Nutrient Limitation of New Production in the Sea

Abstract

Light and nutrients are the two well-known basic requirements for primary production in the sea and are usually supplied in opposing vertical gradients. When radiant energy of correct wavelengths is available, the vertical advection of nutrients from below the euphotic zone sets the maximum rate of absorption of these new nutrients and the ensuing primary production is considered to be new production (Dugdale and Goering, 1967) in contrast to the regenerated production based upon recirculating nutrients. When Sverdrup (1955) presented a map of world ocean primary production based upon his understanding of the vertical advective regimes of nutrients in various regions, he was actually providing the first global map of new production. Dinitrogen fixation also fuels new production, but this source of new nutrient (along with atmospheric and terrestrial inputs of nitrate and ammonium) is relatively minor compared to the advection of nitrate (e.g., Carpenter, 1983).
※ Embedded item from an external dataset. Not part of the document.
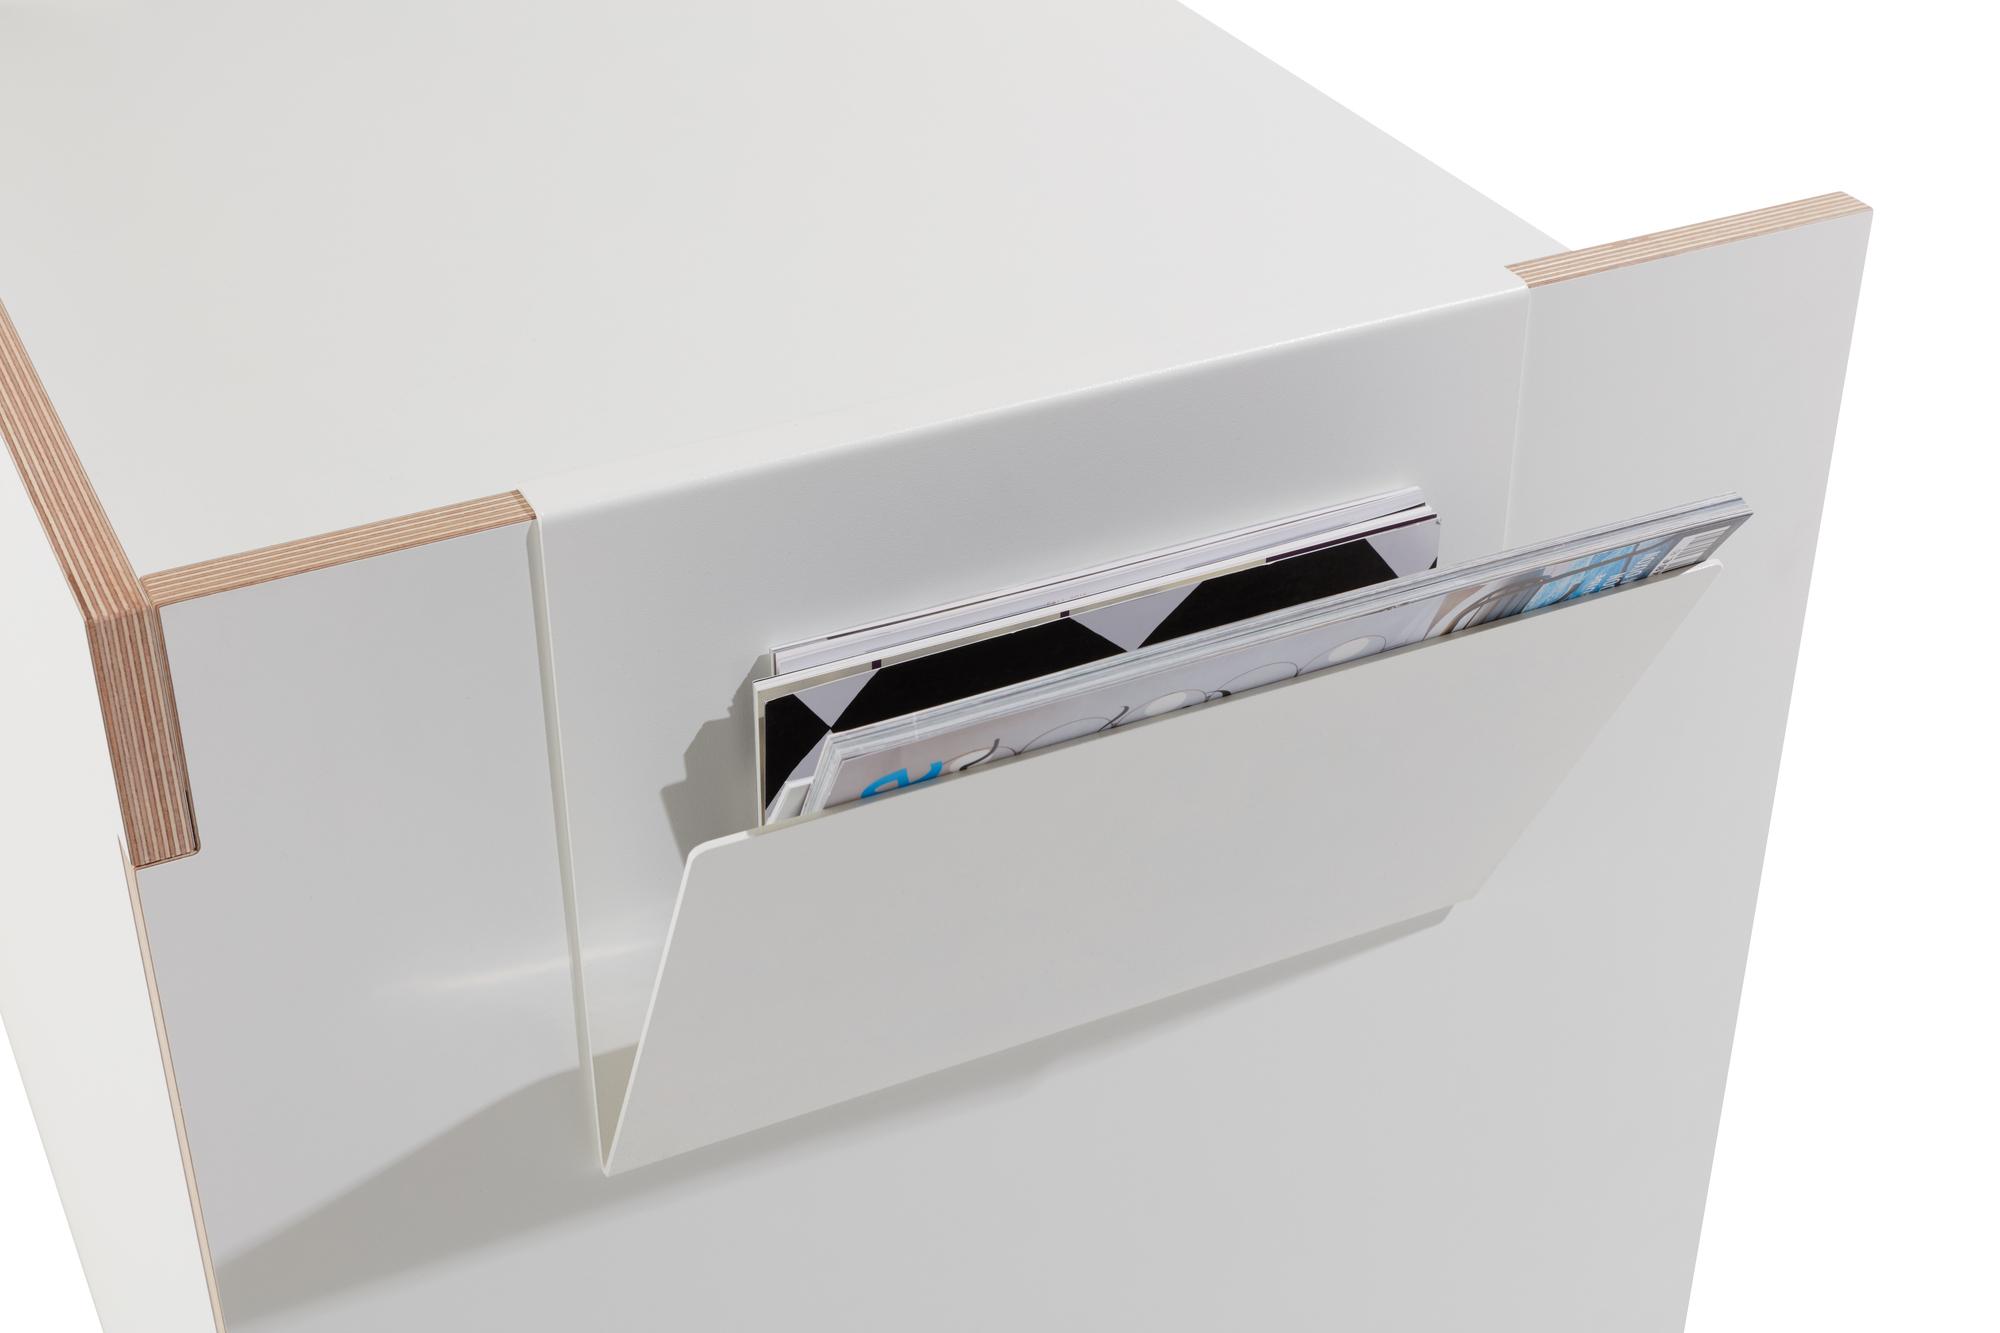 Flai Accessories Secretary Müller Möbelwerkstätten Mirror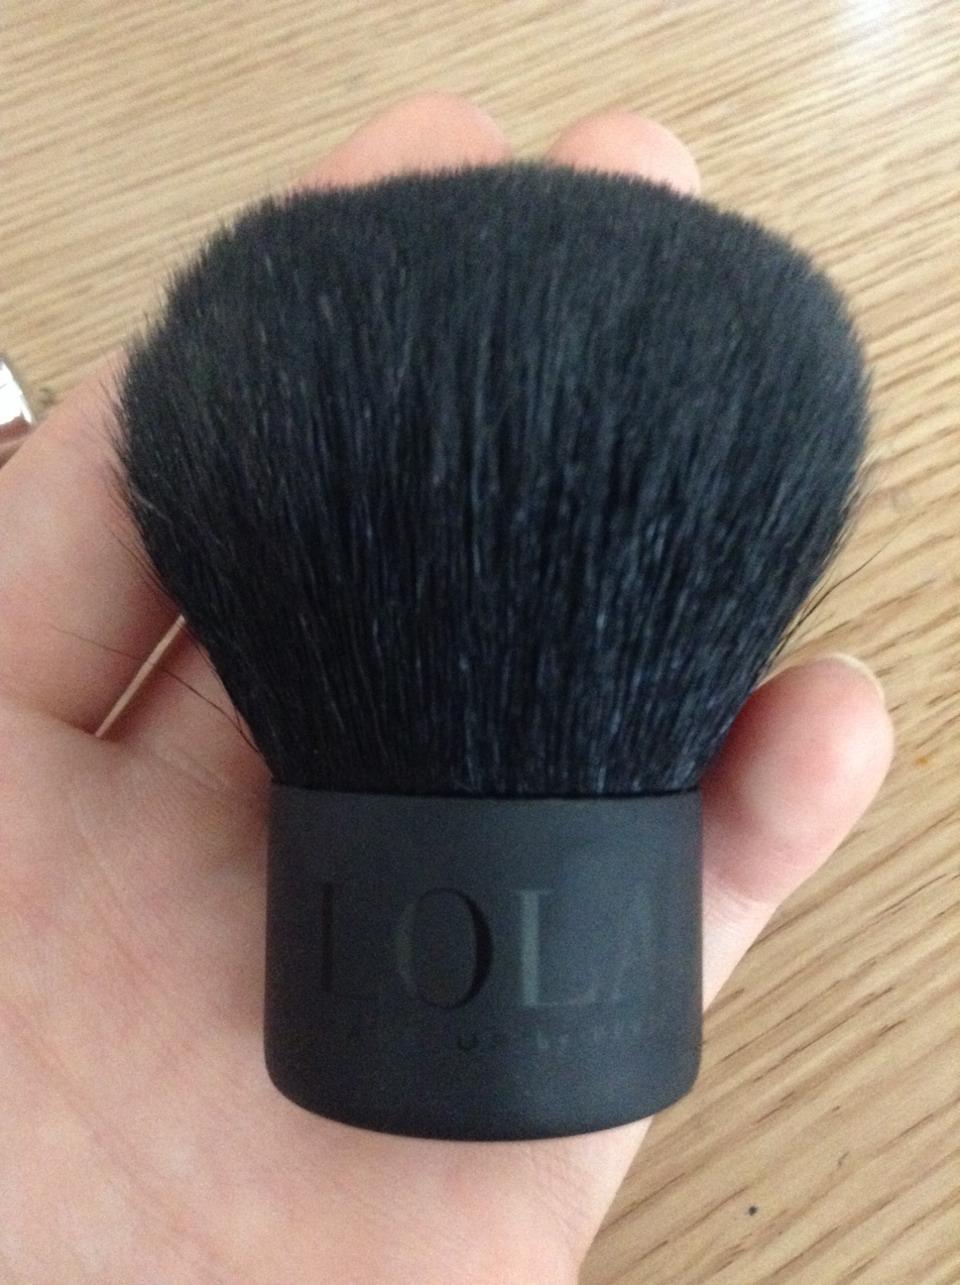 My favourite make up brush good for powder

The fractionation of nitrogen species from new into regenerated forms, through grazing and bacterial activity, and the existence of a practical tracer for nitrogen, the stable isotope 15N (e.g., Dugdale and Wilkerson, 1986), has made it possible to investigate the new and regenerated pathways in the marine ecosystem. The flow of nitrogen through the euphotic zone ecosystem has proved more complex than originally suggested (Dugdale and Goering, 1967) and is more realistically described by several possible schemes, including that of Michaels and Silver (1988), where the size fractions of the phytoplankton and bacteria are included explicitly along with other elements of the microbial loop. Their analysis showed that the microautotrophs provided the major source of new nitrogen for sinking particle formation, with the picoplankton participating primarily within the microbial grazing loop. However, both nanoplankton and picoplankton are capable of new production. For example, unicellular cyanobacteria (Glibert and Ray, 1990) and bacteria (Brown et al., 1975) may use nitrate and were shown to fix dinitrogen (e.g., Mitsui et al., 1986; Martinez et al., 1983).